3. Break down each line in the `gaussian` function. Knowing what you know about MLE, what do you think the function `stats.norm.logpdf` does?

In [None]:
from scipy import stats
import numpy as np
from scipy.optimize import minimize
np.random.seed(1)

# Define the true parameters for Logistic distribution
samples = 100
mu = 2
s = 1.5

# Generate sample data from Logistic distribution
sample_data = np.random.logistic(loc=mu, scale=s, size=samples)


# Negative log likelihood function for Logistic distribution
def logistic_nll(params):
    mean, scale = params[0], params[1]

    if scale <= 0:  # Ensure scale parameter remains positive
        return np.inf

    # Calculate negative log likelihood
    nll = -np.sum(stats.logistic.logpdf(sample_data, loc=mean, scale=scale))

    return nll


# Initial parameter guess
initParams = [1, 1]

# Perform MLE using scipy.optimize.minimize
results = minimize(logistic_nll, initParams, method='Nelder-Mead')

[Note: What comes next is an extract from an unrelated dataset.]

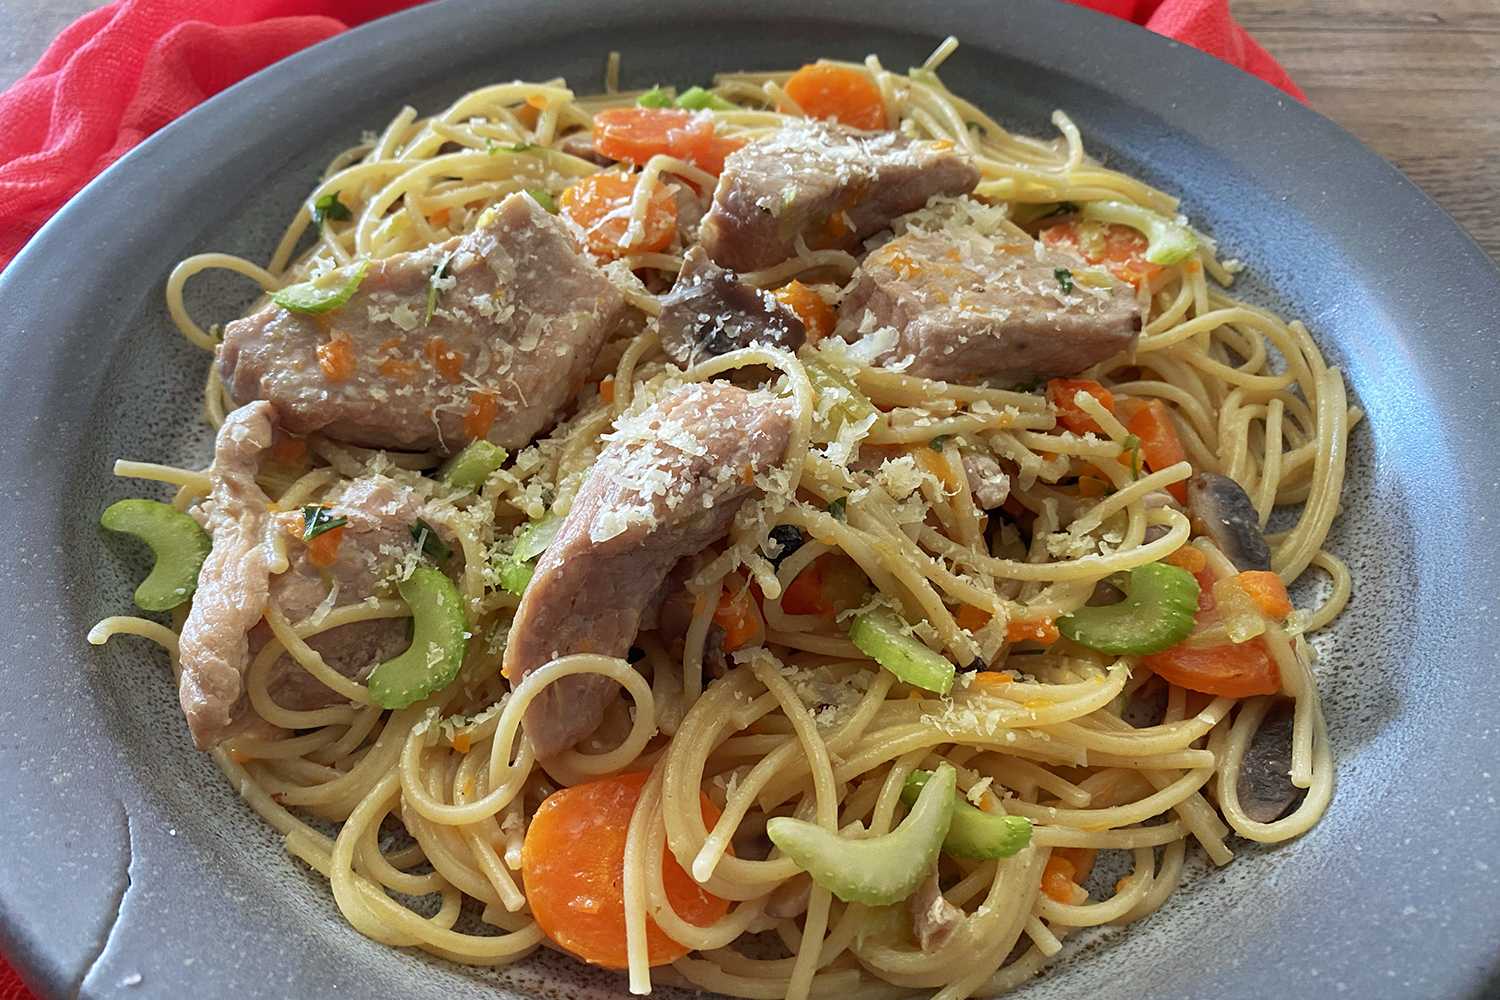 Egg noodles with beef chunks, carrot slices and celery slices on a blue plate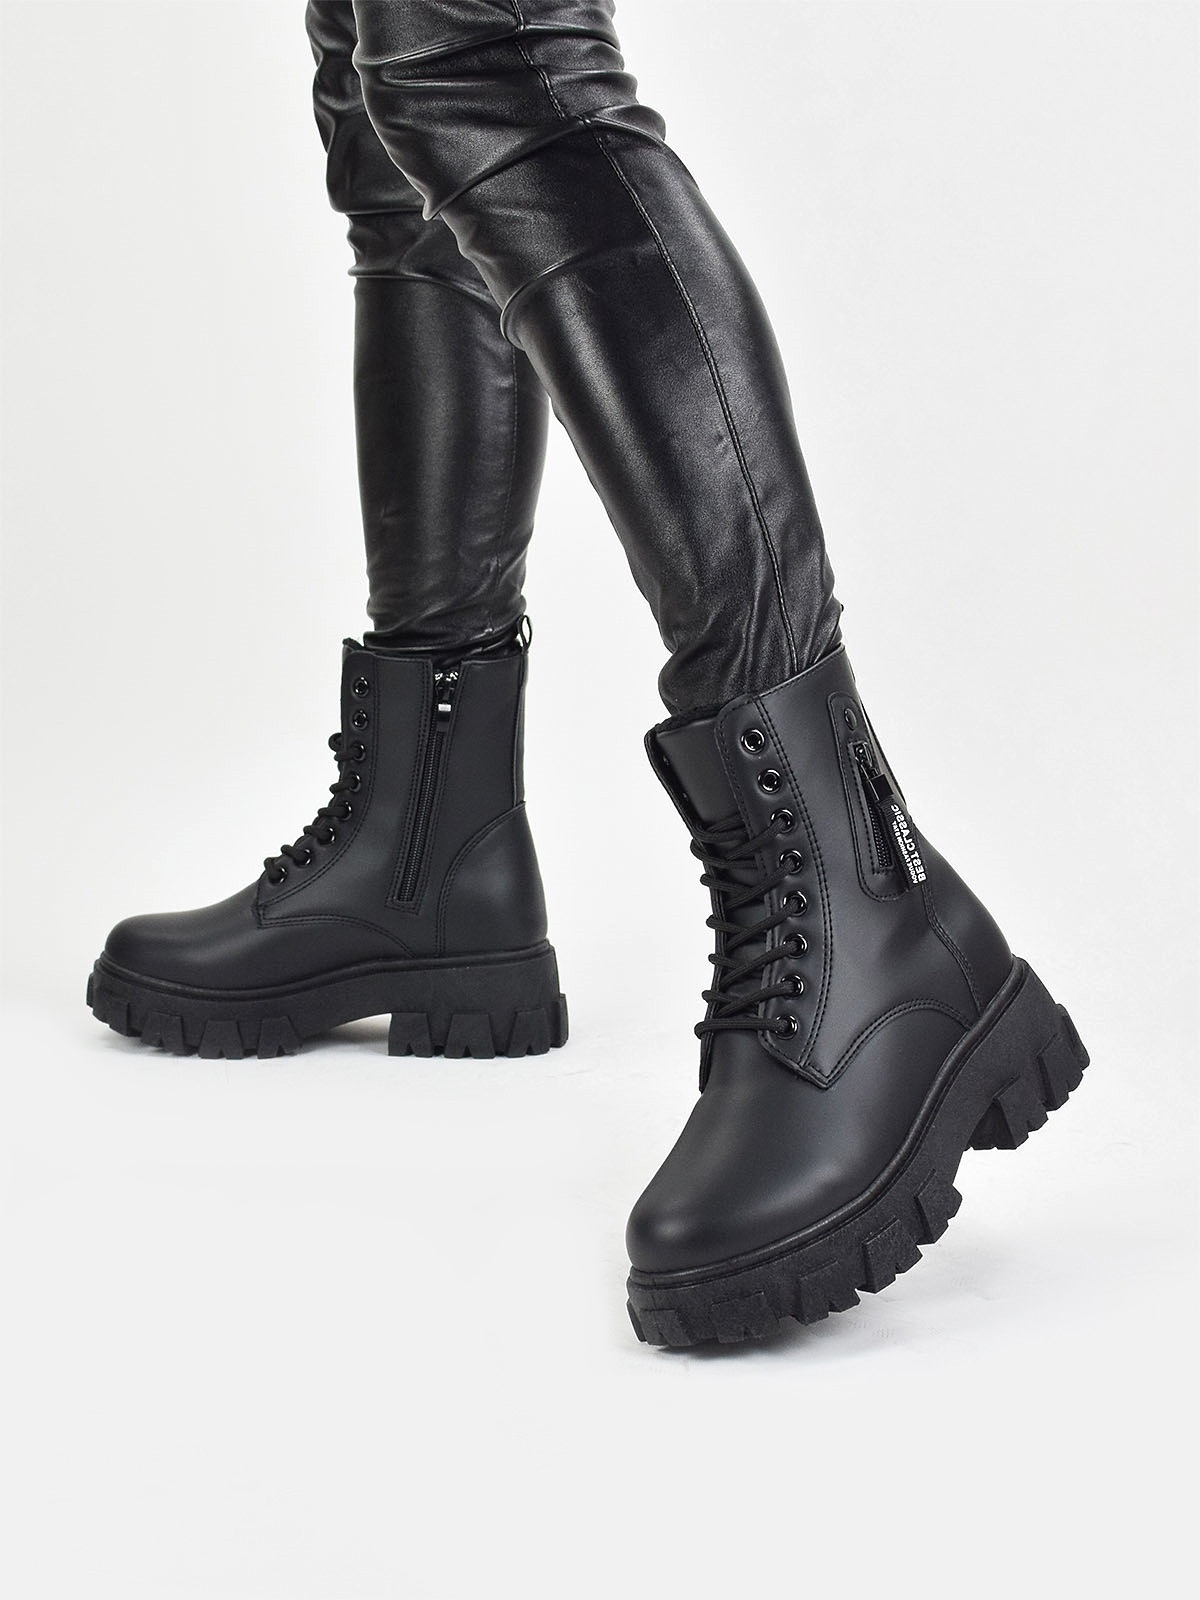 Classic design lace up ankle boots with side zip detail in black

# Extract estimated parameters
mu_est, s_est = results.x

print('Estimated Parameters:')
print(f'mean*  = {mu_est:.3f}, scale*  = {s_est:.3f}')
print('True Parameters:')
print(f'mean   = {mu:.3f}, scale   = {s:.3f}')

In [None]:
import matplotlib.pyplot as plt

# Plot the logistic distribution fit
x = np.linspace(min(sample_data), max(sample_data), 100)
y = stats.logistic.pdf(x, loc=mu, scale=s)  # True logistic distribution

# Histogram of the sample data
num_bins = 20
plt.hist(sample_data, bins=num_bins, density=True,
         alpha=0.6, label="Sampled Data")

# Plot the true logistic distribution
plt.plot(x, y, label="True Logistic PDF", linewidth=2)

# Plot the estimated logistic distribution
y_est = stats.logistic.pdf(x, loc=mu_est, scale=s_est)
plt.plot(x, y_est, linestyle="dashed",
         label="Estimated Logistic PDF", linewidth=2)

plt.legend()
plt.xlabel("x")
plt.ylabel("Density")
plt.title("Logistic Distribution MLE Fit")
plt.show()

#### Answers

1. With more data, the law of large numbers ensures that the sample mean and variance converge to the true population parameters, leading to a more accurate MLE estimates for the mean and std.

2. If the initial guess is extremely far off, the optimizer will take longer to converge but also run the risk of getting stuck in a local minima, or fail. On the other hand, extremely close guesses will lead to faster convergence. The larger sample size the more robust the MLE is to poor initial guesses.

3. I assume that the stats.norm.logpdf function computes the log probability density of each point to get the log likelyhood, that can then be minimized in the scipy minimize function.